3. After that, we will export our data and give the .csv file a name: “df.to_csv (‘Name.csv’)”
Example 3: Facebook Annual Report Data
Let’s download a Corporate Annual Report for Facebook. The steps are the same as in our first Python example, but with a little twist. Our Quandl code for this one is “WIKI/FB”.
We specify the years we want to go through and get the data we’ll need to preprocess it. This means that we need to extract only the annual part of it.
For this, we shall use the following command: mydata = quandl.get(“WIKI/FB”, collapse=”annual”)
Now our data looks like this:
Now you are all equipped to go on a Quandl coding journey in Python!
“May the code be with you!” – Obi Wan Kenobi
Quandl in other programming languages
Quandl is also equipped for other programming languages like R, MATLAB, Ruby and others.
In this article, we won’t go into them as it would make it too long. But R, Ruby and MATLAB enthusiasts worry not, as I’ll provide you with useful links where you can learn how to use Quandl in your programs!
MATLAB – https://github.com/quandl/Matlab
What are the limitations for Quandl downloads?
Quandl needs to limit their users when it comes to downloading so the API doesn’t get over flooded and the whole service crashing down.
Anonymous users are limited to 20 calls per 10 minutes and 50 calls per day; while authenticated users have a limit of 300 calls per 10 seconds, 2k calls per 10 minutes and 50k calls per day.

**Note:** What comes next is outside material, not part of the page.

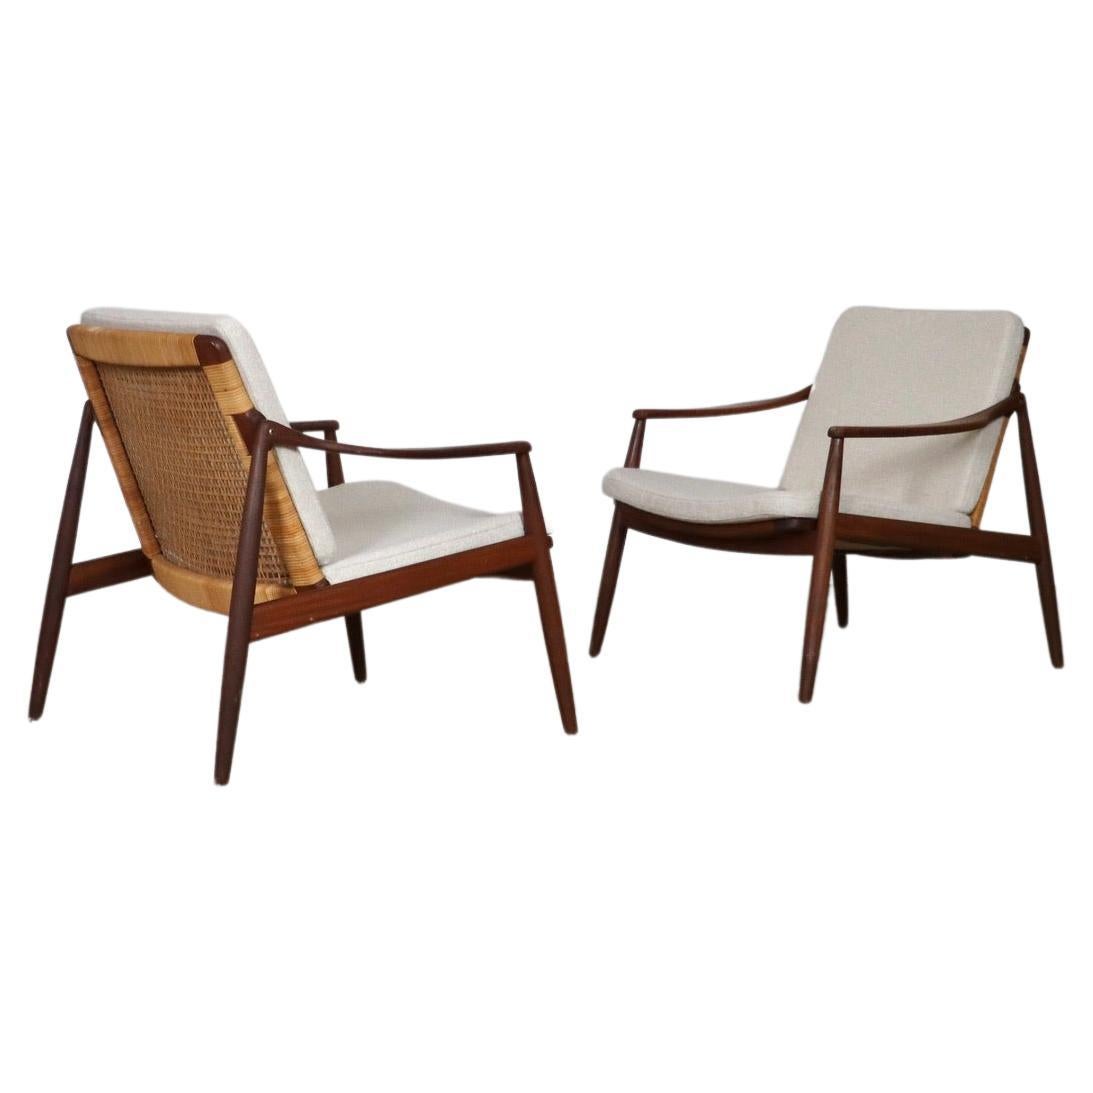 Pair Of Hartmut Lohmeyer Model 400 Lounge Chairs For Wilkhahn, 1959 For Sale

When it comes to the free authenticated users, they have a concurrency limit of one which means that they can only make one call at a time and have an additional call waiting in the queue.
As for the premium users, they have a limit of 5k calls per 10 minutes and a limit of 720k calls per day. They are also limited to 10 bulk downloads per hour.
What are some Quandl alternatives?
When it comes to price and corporate fundamentals, there are the following: Yahoo finance, IEX, Alpha Vantage, Polygon, TradingView…
More info: Google Finance API and 9 Alternatives
When it comes to Alternative data, there are the following: M Science, Advan, Thinknum, YipitData, Tegus, Arch Metrics and many more.
Here is the full list – https://alternativedata.org/data-providers/
More on Quandl’s background
According to Quandl, they have over 400,000 users. These ranges from the world’s top hedge funds to investment banks and various asset managers.
Quandl’s specialization is in the field of data that gets collected over time and is categorized as economic, social and financial data – this includes things like: stock prices, crime rates, unemployment rates, various populations, etc.
They manage to do this by indexing millions of numerical datasets from around the internet. For example, if you click on a specific dataset that is indexed in Quandl, it will go to its original dataset source, extract the newest version of it, clean it, and give it back to you in whatever form you want.
Quandl is striving for the democratization of data and making it easier to find and use for all its users. Their goal is to provide their service to various types of users and professions.
Can you believe that they even offer data pertained to some basic sport statistics?!
Ok Igor, that all sounds sweet, but how does Quandl acquire data?
Well, Quandl acquires its data by having various human curators that point their bots at specific datasets. Recently, they’ve been looking for more curators that are similar to Wikipedia’s volunteer editors.
You can also become a vendor and sell your data to Quandl. For this, the technical requirements aren’t strict but you need to create, document and maintain the data yourself with a “professional standard of quality”.
The good thing is that the listing of your data to Quandl doesn’t come with any fees. You also get support from the Quandl team for free and your data is viewed as your intellectual property.
As a Quandl vendor, you have full transparency of who’s buying/accessing your data. You are also provided with a vendor dashboard that shows you all the sales, subscribers, revenues and other information in real-time.